[Recorded data]

%%

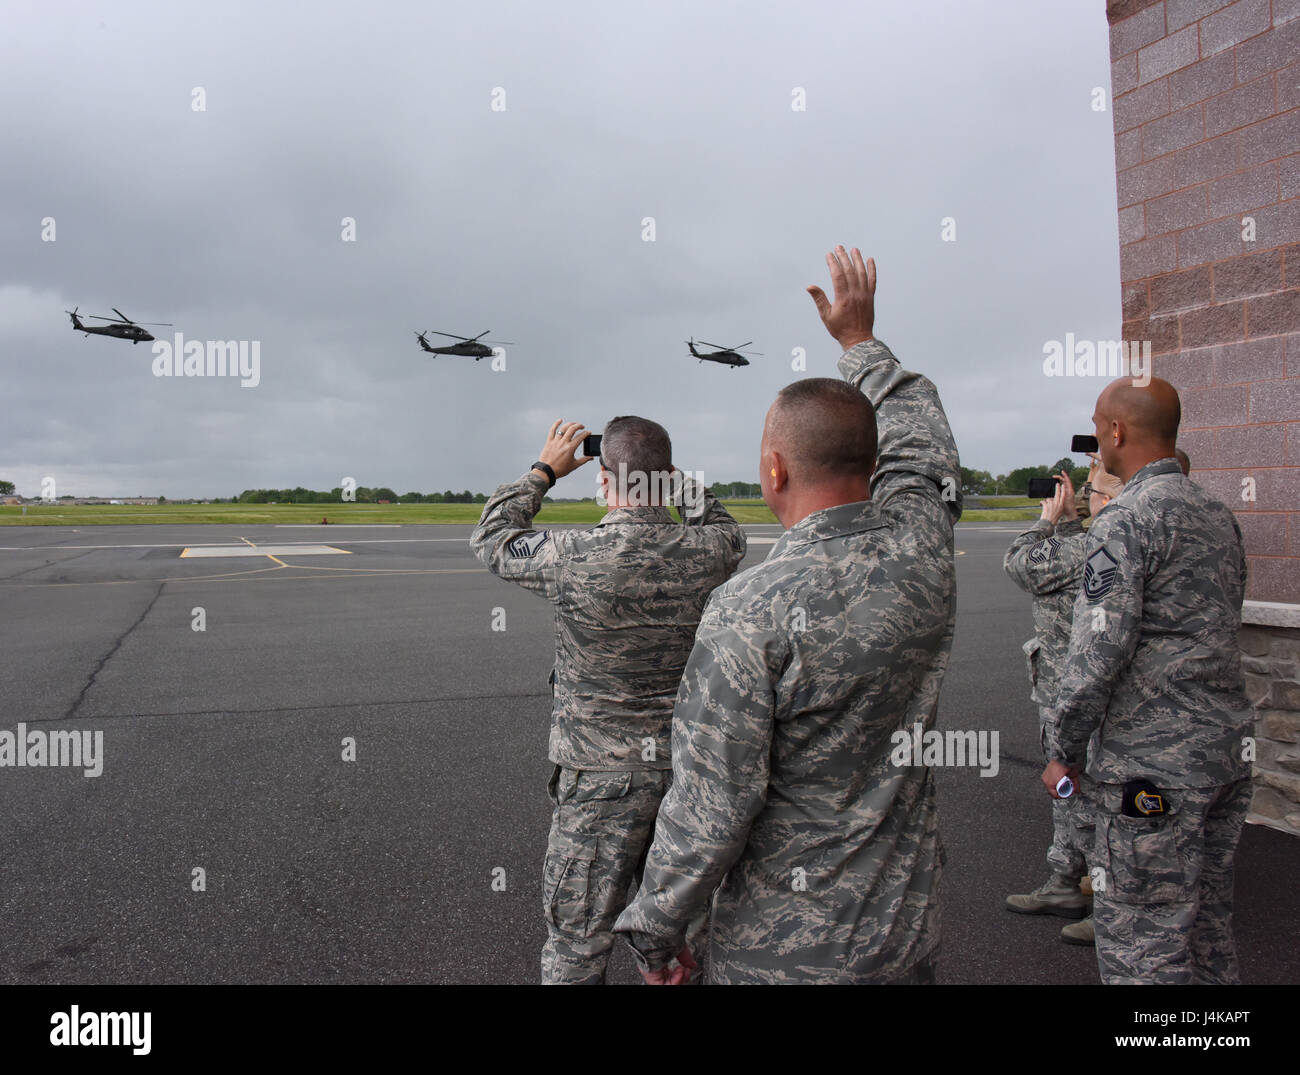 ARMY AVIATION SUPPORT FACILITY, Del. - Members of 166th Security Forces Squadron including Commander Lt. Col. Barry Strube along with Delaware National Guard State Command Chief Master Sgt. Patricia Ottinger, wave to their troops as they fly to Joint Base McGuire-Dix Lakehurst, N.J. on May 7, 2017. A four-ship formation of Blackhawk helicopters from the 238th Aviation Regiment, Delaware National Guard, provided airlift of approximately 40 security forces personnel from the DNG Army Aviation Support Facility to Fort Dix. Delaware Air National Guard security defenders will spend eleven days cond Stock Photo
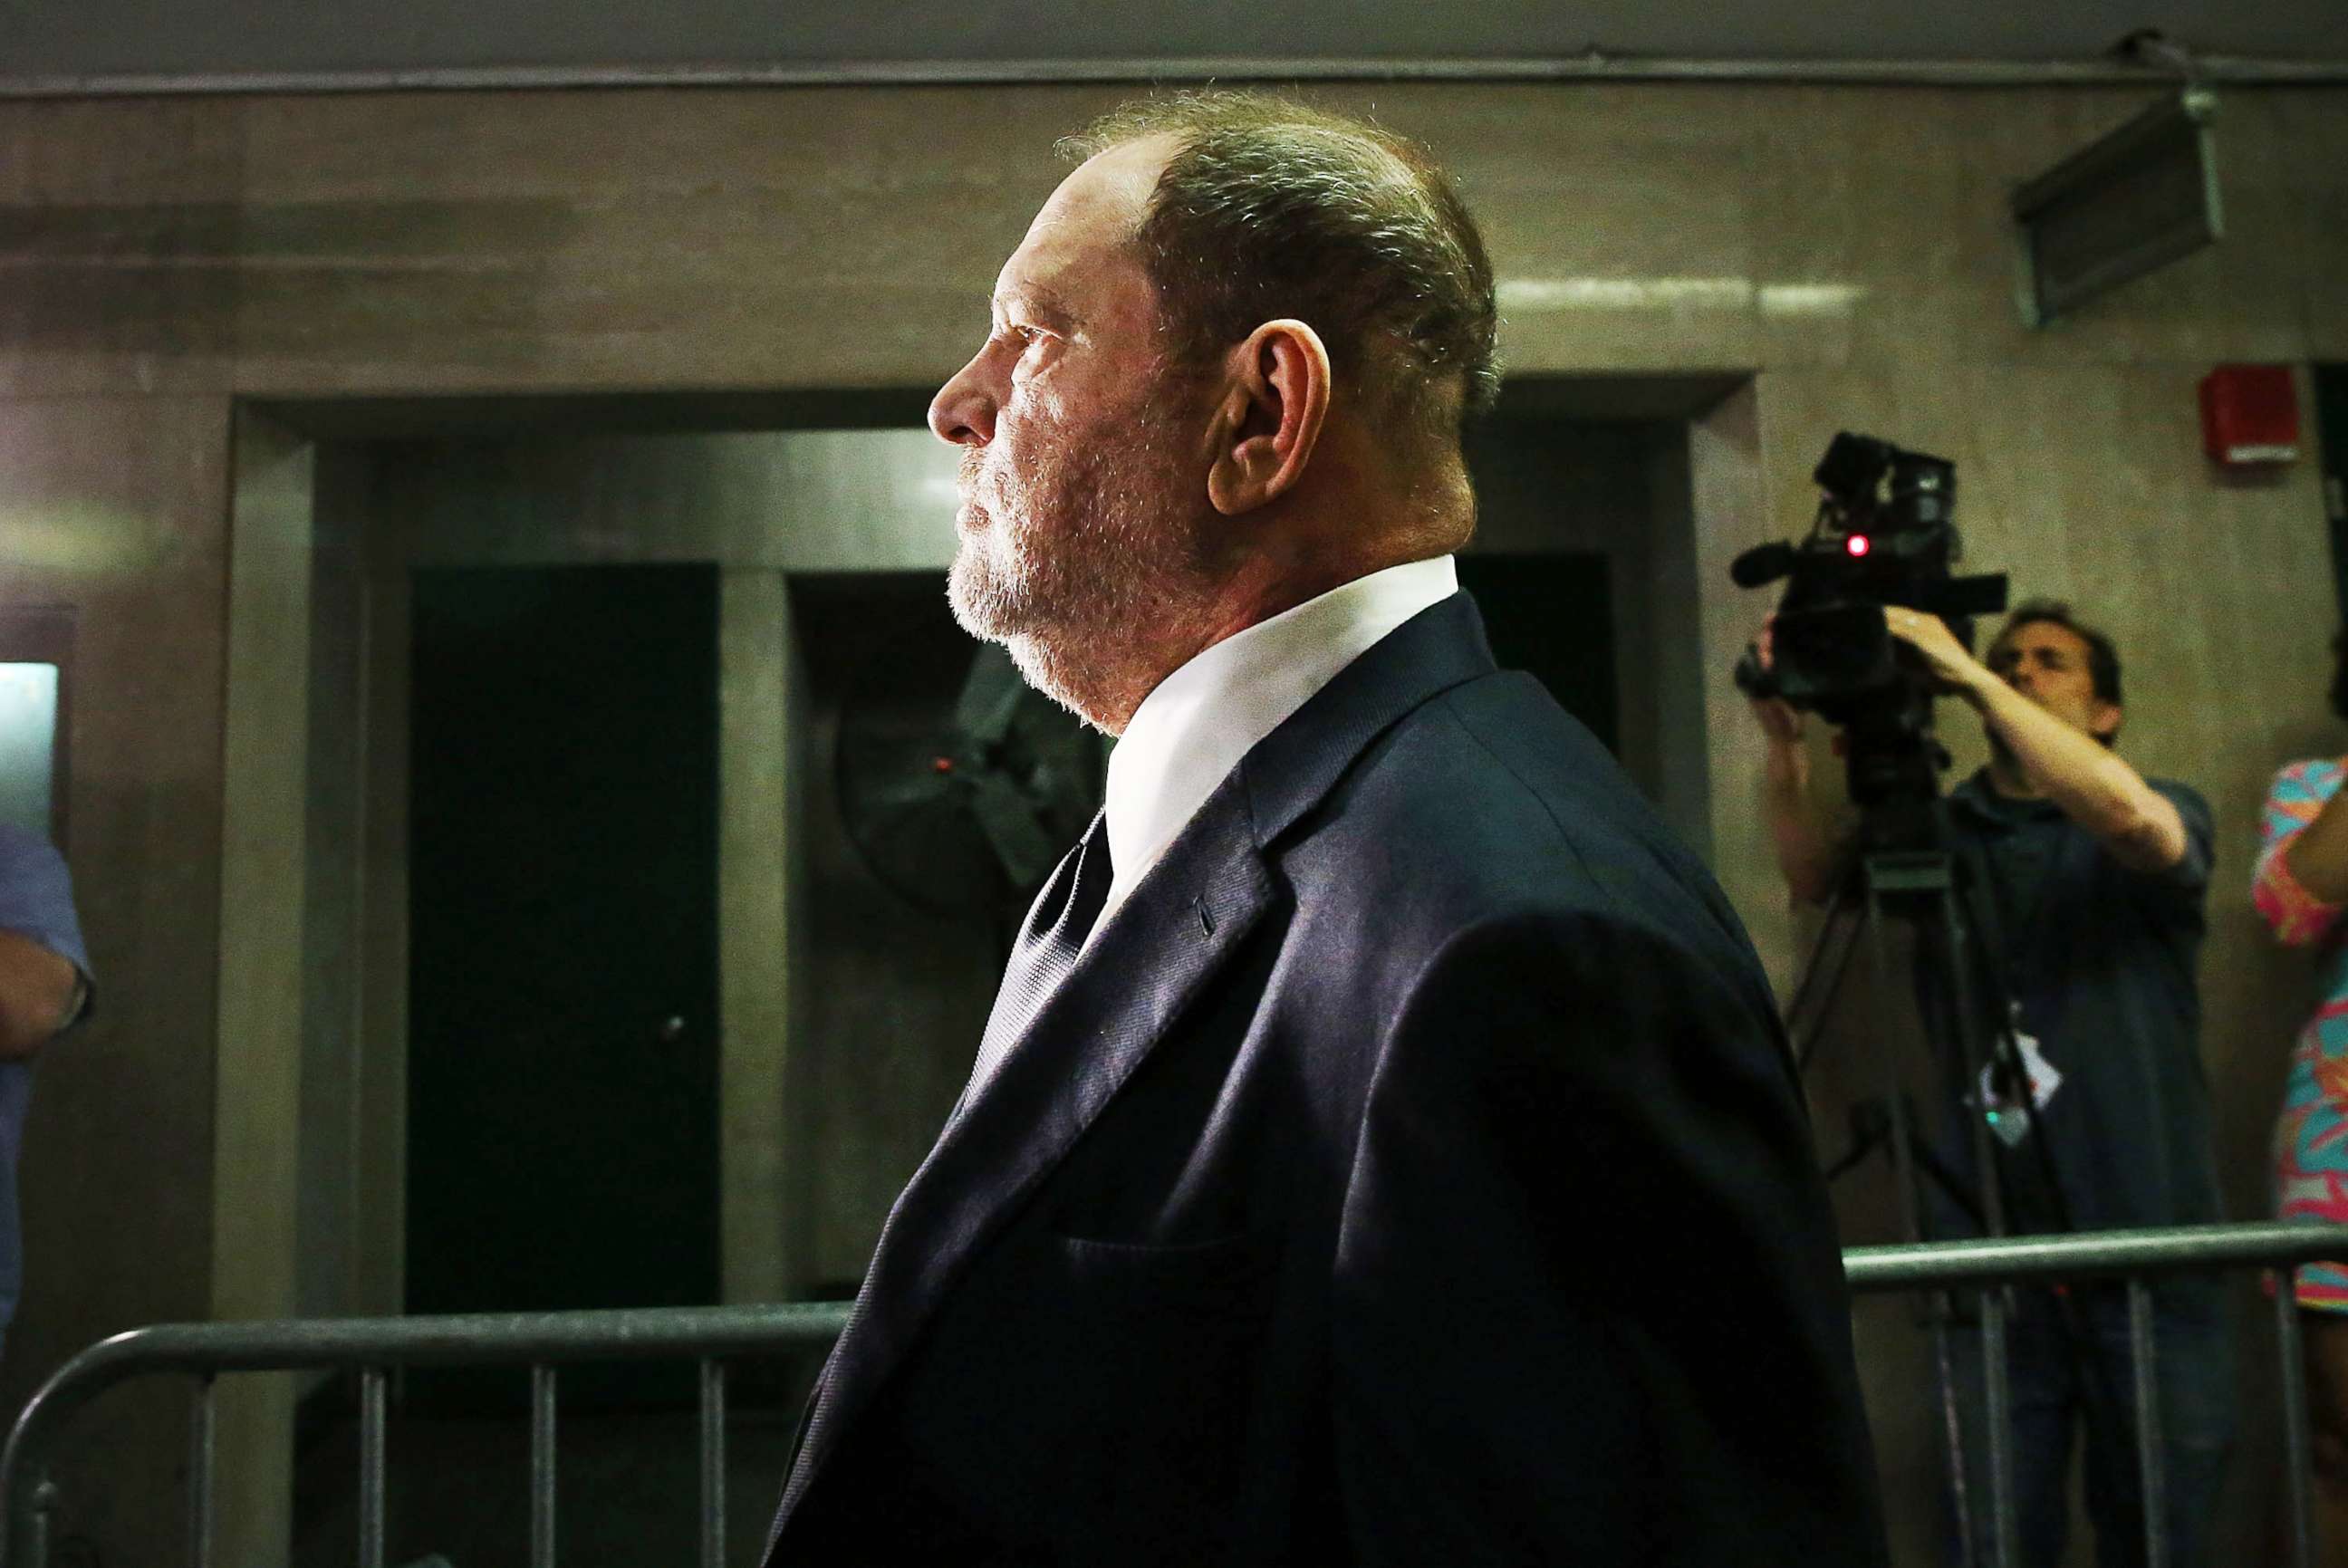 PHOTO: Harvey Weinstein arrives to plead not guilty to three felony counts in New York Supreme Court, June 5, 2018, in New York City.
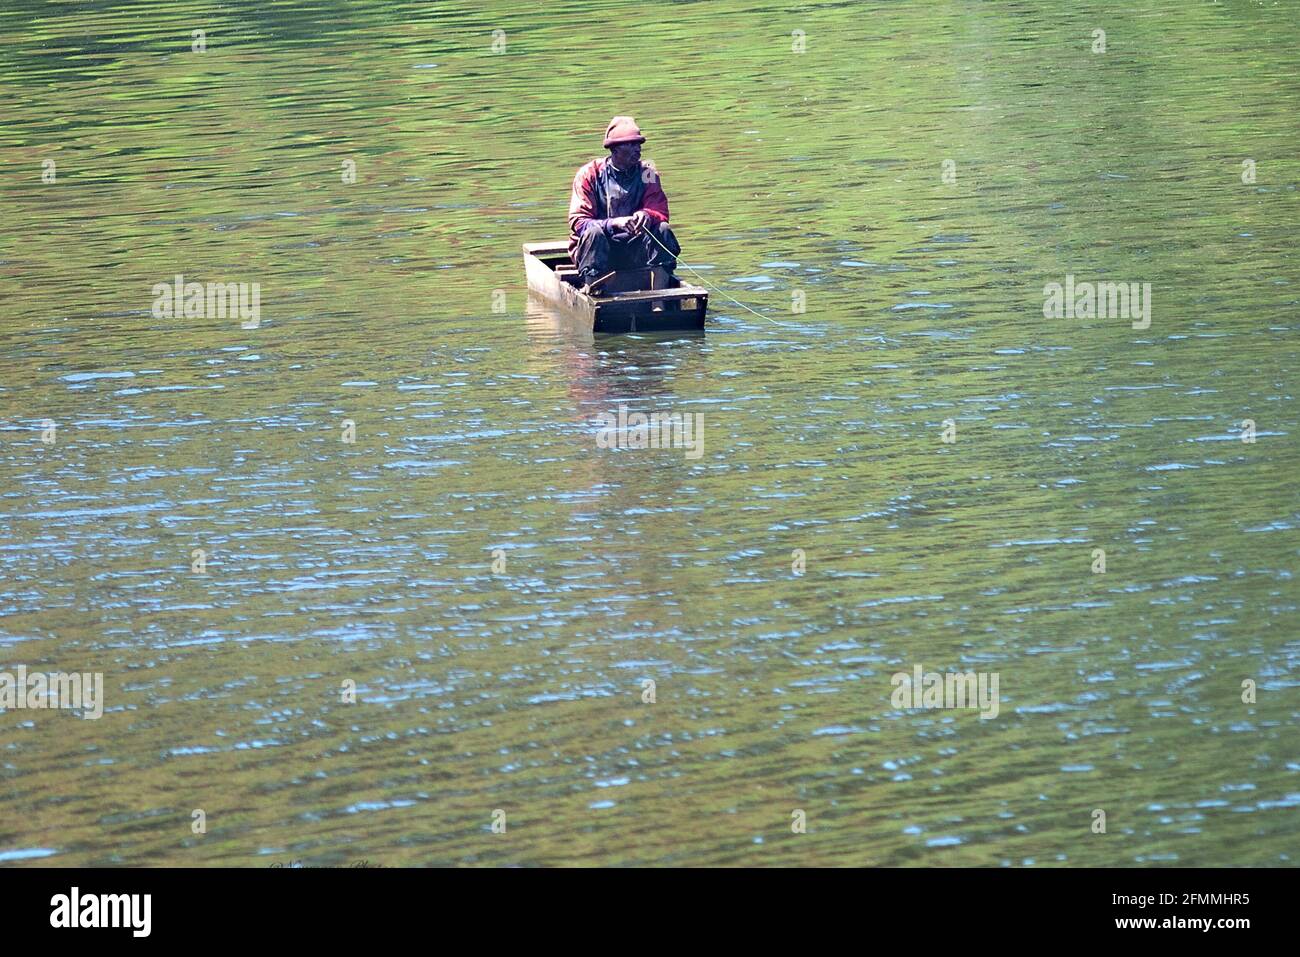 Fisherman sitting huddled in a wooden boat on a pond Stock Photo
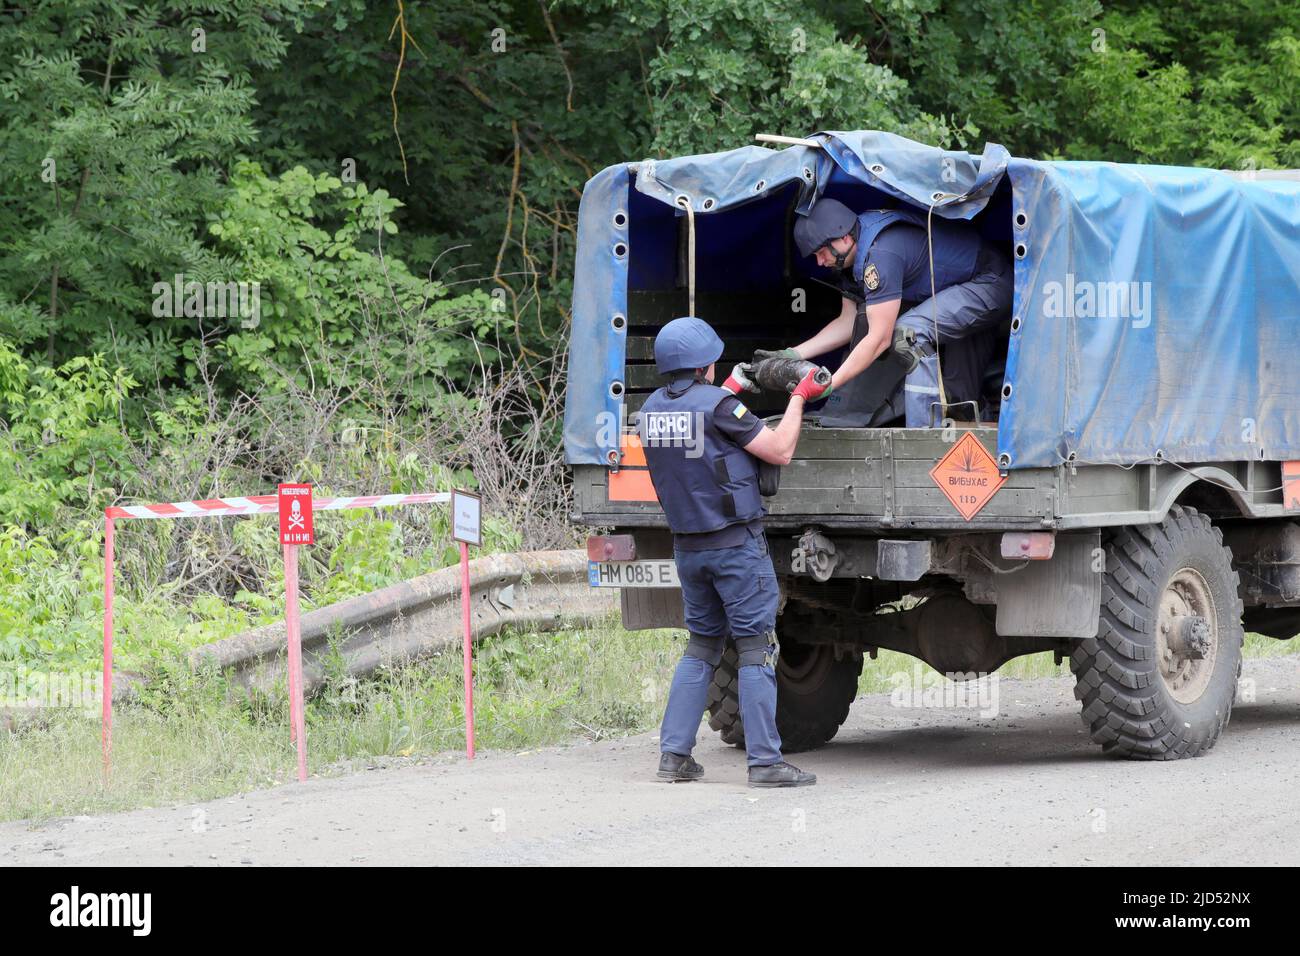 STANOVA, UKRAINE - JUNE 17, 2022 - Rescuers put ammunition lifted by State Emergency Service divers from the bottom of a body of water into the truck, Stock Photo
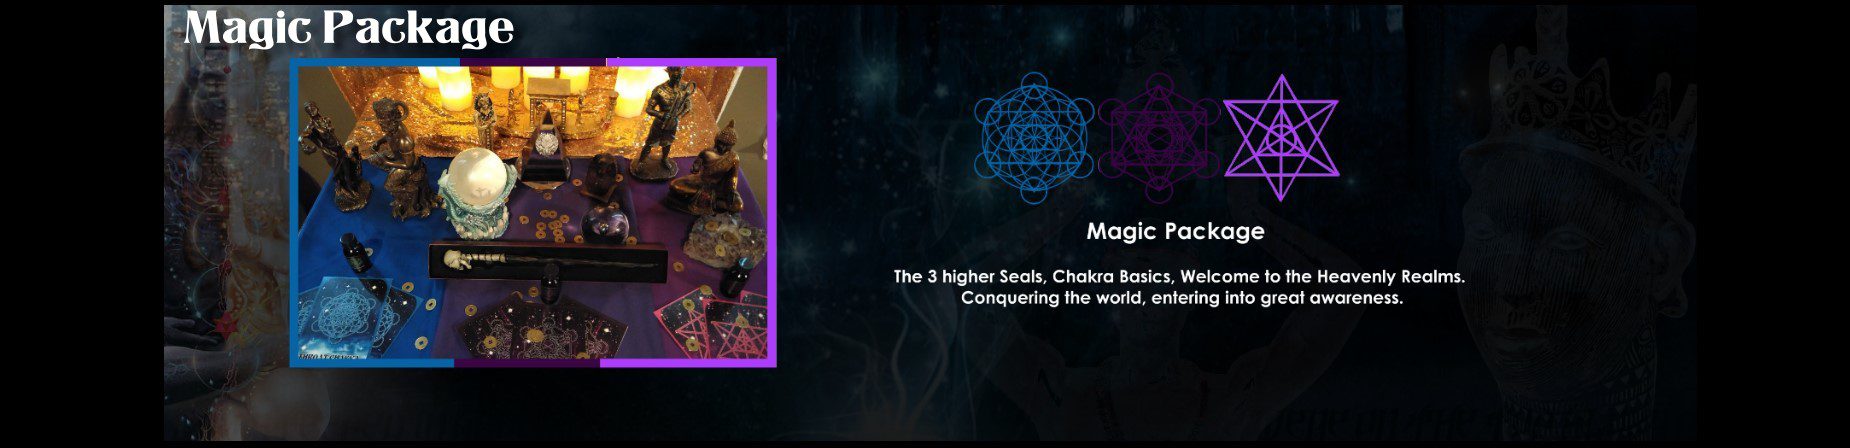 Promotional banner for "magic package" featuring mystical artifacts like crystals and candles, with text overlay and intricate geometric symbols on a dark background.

%%

--- WORK ITEM ---
Give the data back exactly, omitting all pictures.

--- REPLY ---
 ARMY AVIATION SUPPORT FACILITY, Del. - Members of 166th Security Forces Squadron including Commander Lt. Col. Barry Strube along with Delaware National Guard State Command Chief Master Sgt. Patricia Ottinger, wave to their troops as they fly to Joint Base McGuire-Dix Lakehurst, N.J. on May 7, 2017. A four-ship formation of Blackhawk helicopters from the 238th Aviation Regiment, Delaware National Guard, provided airlift of approximately 40 security forces personnel from the DNG Army Aviation Support Facility to Fort Dix. Delaware Air National Guard security defenders will spend eleven days cond Stock Photo
 PHOTO: Harvey Weinstein arrives to plead not guilty to three felony counts in New York Supreme Court, June 5, 2018, in New York City.
 Fisherman sitting huddled in a wooden boat on a pond Stock Photo
 STANOVA, UKRAINE - JUNE 17, 2022 - Rescuers put ammunition lifted by State Emergency Service divers from the bottom of a body of water into the truck, Stock Photo
 Promotional banner for "magic package" featuring mystical artifacts like crystals and candles, with text overlay and intricate geometric symbols on a dark background.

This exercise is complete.